This week, three years ago I had done everything within my power to give my children a beautiful Christmas and my daughter a happy birthday. Although almost a year had already passed since their father had moved out without warning, it was our first december on our own. The winter holidays have the potential to be a time of magic, as well as the tendency to illuminate loss and magnify grief. I remember making it to this last week of the year and thinking- I'm almost there. I will survive this hellish year after all. I chose my word for the upcoming year: HOPE. Here is
that post, like a little time capsule.
Thank goodness for my kids. They were the reason I made myself get out of bed every morning and that I was doing more than just making it... I was determined to to heal for them.
To learn everything I could about how to face darkness and come out on top.
To thrive and help them to do the same.
It was the hardest challenge of my life. Desolation was always at my side in the beginning, but I acted brave for them... until one day it was true.
By that Christmas in 2012, some good days were sprinkled in with the constant rough ones. I started seeing glimpses of the light at the end of the tunnel. And I began writing down my process. As a writer and an artist, there was an overwhelming need to document my return towards wholeness. I blogged and journaled the tools I was discovering (and most often creating) to guide me forward.
My second book was emerging long before I was ready to actually write it. But it was the book I was wishing someone could place in my hands at that very moment. So I began. I knew it was about hope and creating. I prayed it would bring my healing and maybe help others who were struggling through one of life's inevitable transitions. Several years in the living and making, and TODAY it goes out into the world!! TODAY!!

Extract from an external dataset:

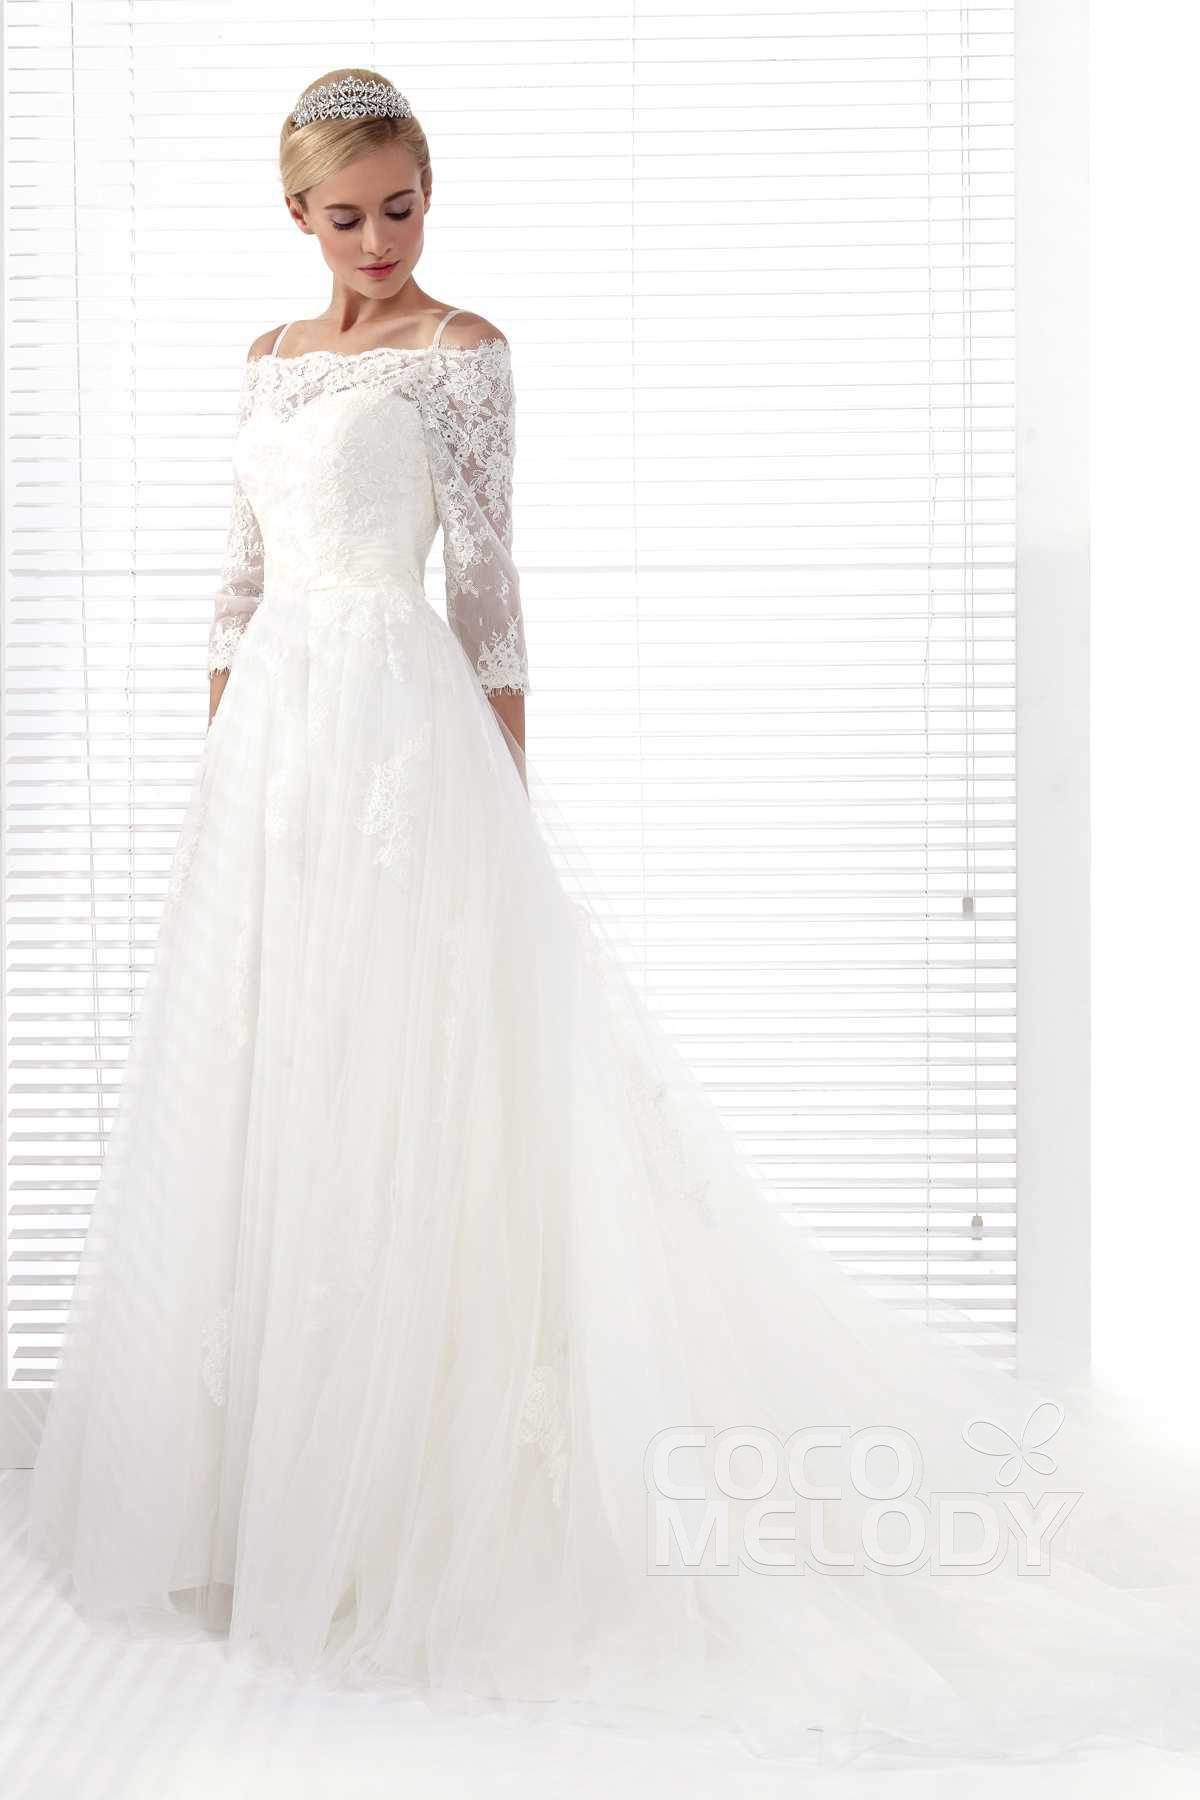 Lace strap wedding dress  Glamorous ALine Spaghetti Strap Chapel Train Tulle Wedding Dress

Hope, Make Heal is filled with the 20 projects, plus recipes and meditations, that brought me to this point today. I am a confident and proud single mother of two very healthy and amazing kids (one getting ready to head out into the world in a matter of months). There are fresh traditions and new people in our lives, as well as wonderful (bittersweet) memories of a different life long ago. I can now hold the story in my heart without feeling crippled by it. I laugh. A lot. And so do my children.